It’s not clear to me what charms Irene possesses that inspire such devotion – lifelong devotion, as it turns out. Years later, Jerome writes to her, “I probably shouldn’t say this next part…But it took a long time, getting over you.”
Adoption is so complicated! I have come to believe that given a closed adoption, the decision to search should always be with the adoptee (at least 18y.o.) and an actual search shouldn’t start until the adoptee has been educated about the universe of possible responses from the birth parent(s). And this education should include communications with adoptees who have searched (successfully or not) and birthparents as well.
As for the book I haven’t re-read that far and don’t recall. I will say that in the early 2000s, birthmothers, out of terrible poverty I am sure, got pregnant intentionally so they could receive money from adoption facilitators. A very nasty situation for sure, that did not include all international placements of Guatemalan infants and toddlers. That doesn’t preclude searching as described above.
As for Maynard’s failed adoption, I read a bunch of narratives, hers included. IMHO she was completely unprepared to adopt an older sibling group from Ethiopia.
I have a dear friend who adopted two girls from Ethiopia (one an abandoned 1-year-old and one who was 7 and continues to be in touch with her birth family there) at the same time. They are both healthy, educated, self-supporting adults now. I met them after they were in NYC for a couple of months and I continue to be friends with the whole family. Not the only family I’m acquainted with who adopted older kids internationally.

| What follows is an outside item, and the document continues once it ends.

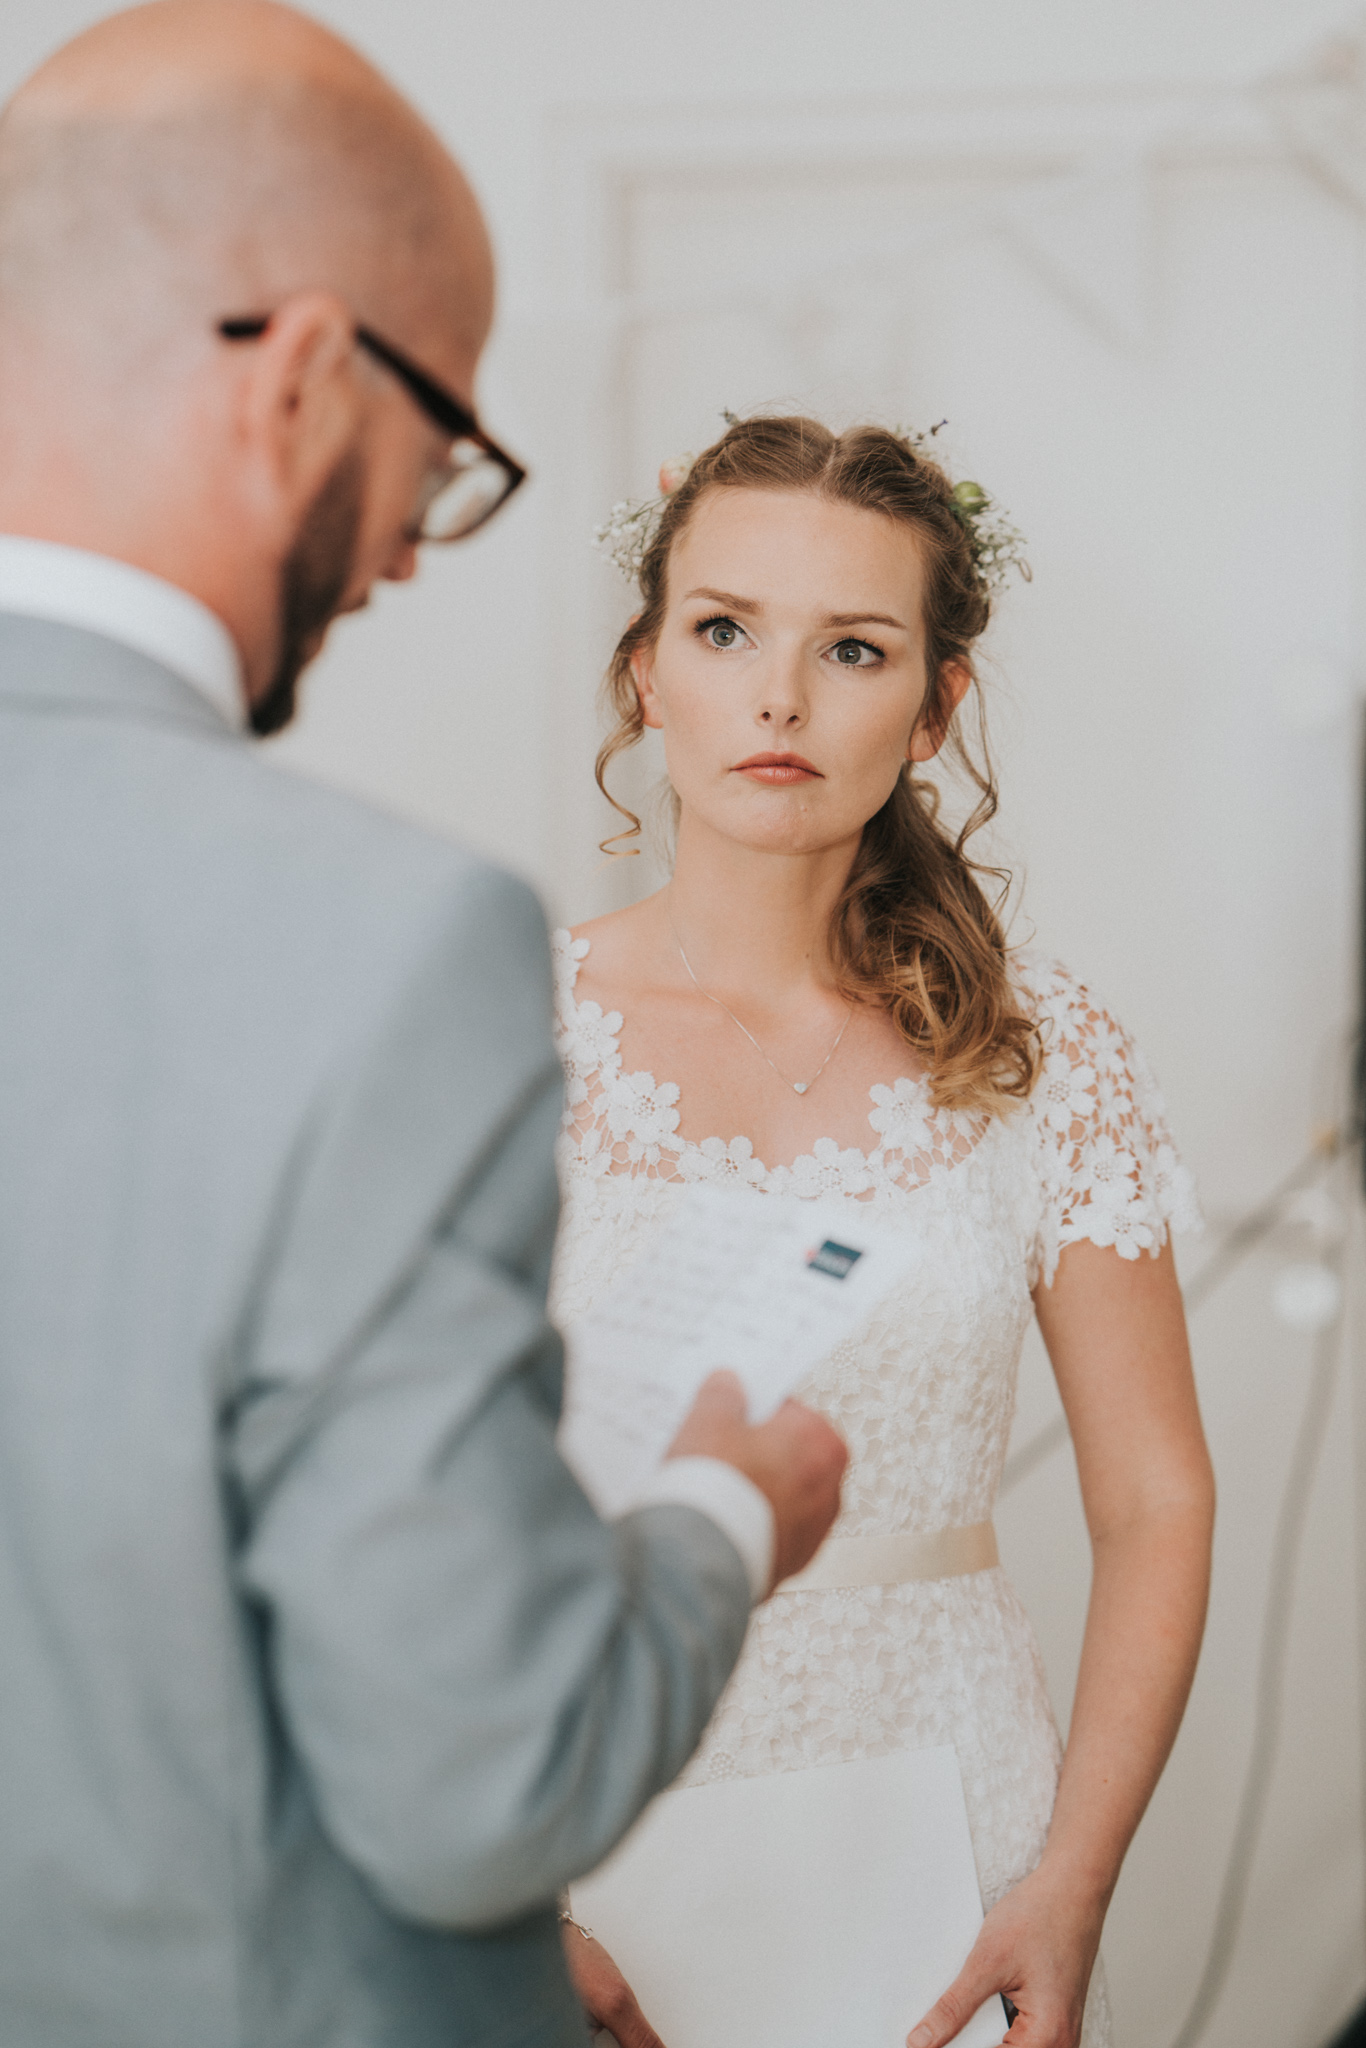 Grace-Elizabeth-Georgie-Amalaketu-Firstsite-Colchester-Essex-Boho-Buddhist-Wedding-Alternative-Wedding-Photography-Essex (53 of 100).jpg

I wonder how Irene managed to make ends meet (after Leila’s money ran out) with only four hotel rooms. That seems exceptionally small, even for a tucked-away boutique hotel.
I have a friend who adopted 4 kids from China. (She’s a single caucasian MD and learned Chinese.) The kids all seem to be thriving. They just went on a 10 day trip to China. They are now all young adults—in college or recently done.
My sister adopted a 6.5 year old from Taiwan (he’s now in college) and my BIL adopted 2 toddlers from S Korea over 20 years ago. Another friend adopted a young toddler from Taiwan who is mid a young adult.
It can be a challenging time but I don’t know anyone who got another family to take their adopted kids.
Maynard mentioned this in her epilogue as a reason many publishers passed on this book. I didn’t find her views to be questionable , but as many remarked the plot , storyline itself seemed to have issues - perhaps why they passed ?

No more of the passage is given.